In den meisten Bundesländern wurden mittlerweile Kooperationskonzepte entwickelt worin
die Aufgabenbereiche der einzelnen Akteure und die Art der Zusammenarbeit
festgeschrieben wurden, um strukturierte Abläufe zu gewährleisten. Nach Aussagen nicht
nur der Beratungsstellen zeigt sich jedoch leider oft in der Praxis, dass diese wichtigen
Konzepte noch nicht überall institutionell verankert sind und die interdisziplinäre
Zusammenarbeit personenabhängig geblieben ist.

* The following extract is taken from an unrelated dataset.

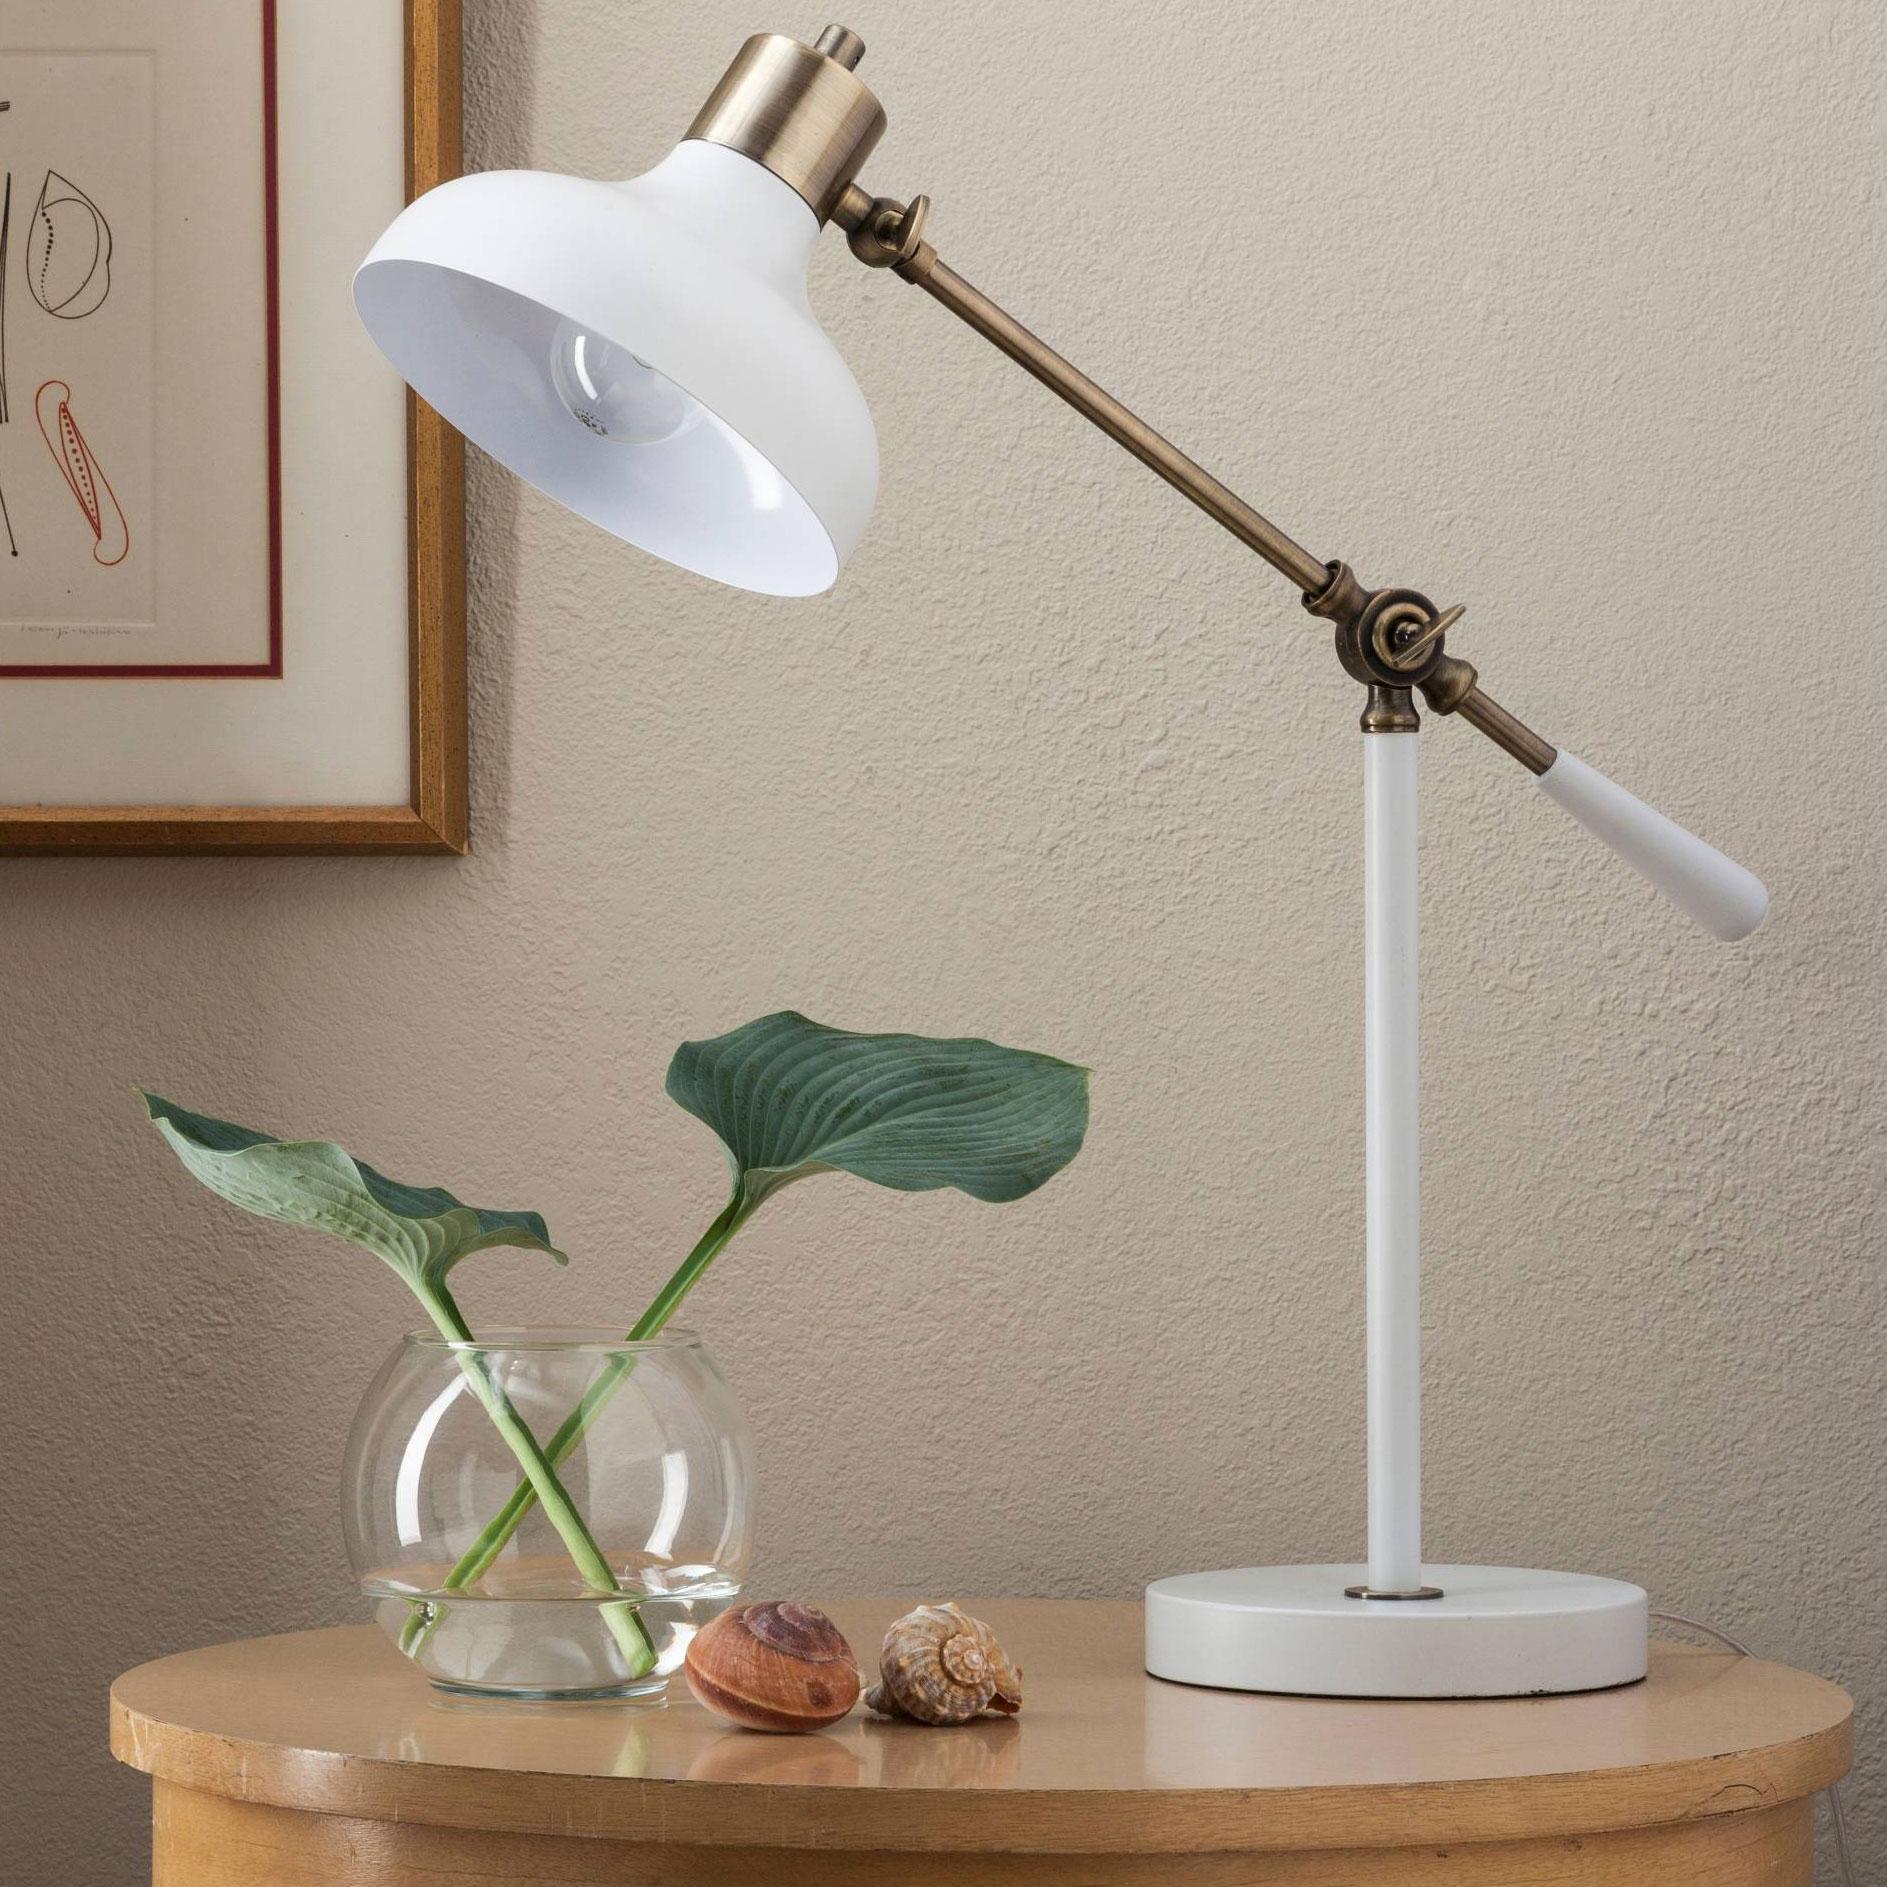 target-lamp.jpg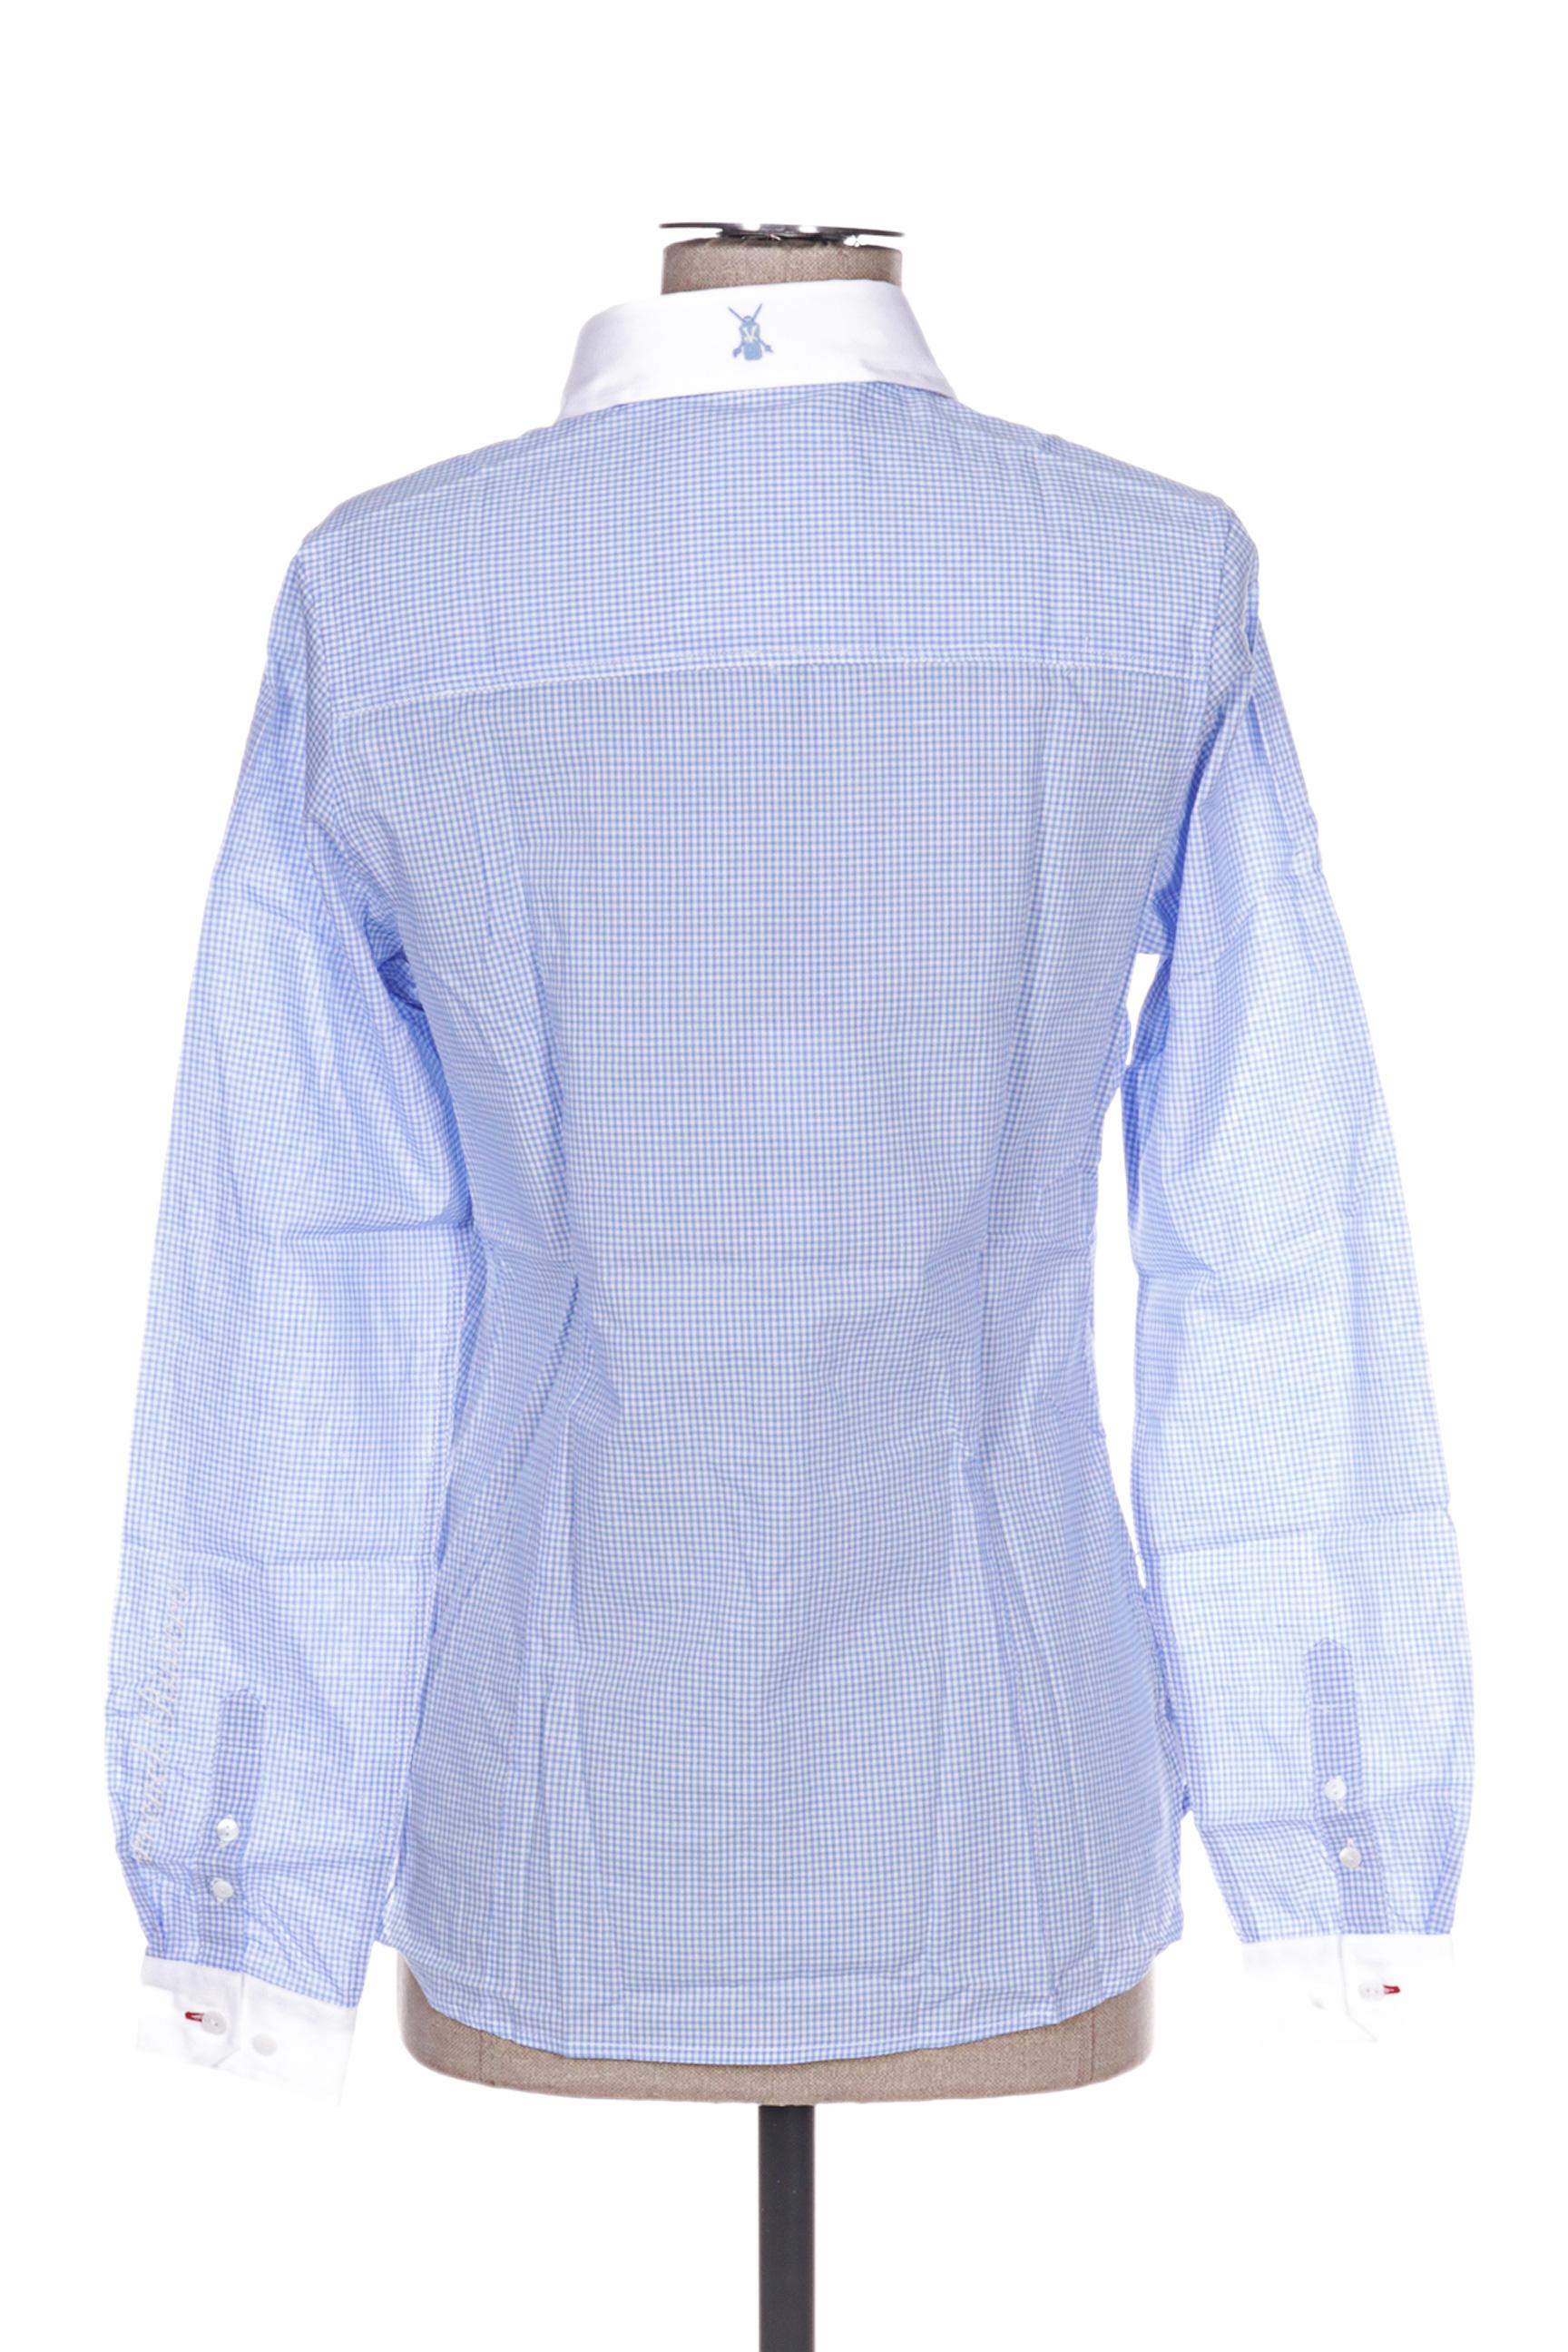 Vestiaires Principaute Cannoise Chemisiers Manches Longues Femme De Couleur Bleu En Soldes Pas Cher 1270129-bleu00

Ein sehr wichtiger Punkt, bei dem sich eine funktionierende Kooperation bewährt, ist die
Möglichkeit, Betroffenen des Menschenhandels zum Zweck der sexuellen Ausbeutung oder
der Arbeitsausbeutung ausländerrechtlich eine 3-monatige Bedenkfrist einzuräumen, um
sich in Ruhe überlegen zu können, ob sie bereit sind auszusagen und dies auch vor Gericht
zu wiederholen.
Dieser Zeitraum kann auch den involvierten Behördenvertreterinnen und –vertretern sowie
den Beratungsstellen die Chance geben, das Vertrauen der Betroffenen zu gewinnen, sie zu
stabilisieren und so auch deren Aussagemotivation zu erhöhen.
In Mannheim arbeitet eine behördeninterne Steuerungsgruppe u.a. zum Thema
Menschenhandel, die sich nicht nur eine Verbesserung der Kooperation auf kommunaler
Ebene sondern auch präventive Maßnahmen zum Ziel gesetzt hat.
Ich bedanke mich für Ihr Interesse und freue mich nun auf die folgenden Beiträge der sehr
engagierten Menschen unterschiedlicher Berufsgruppen!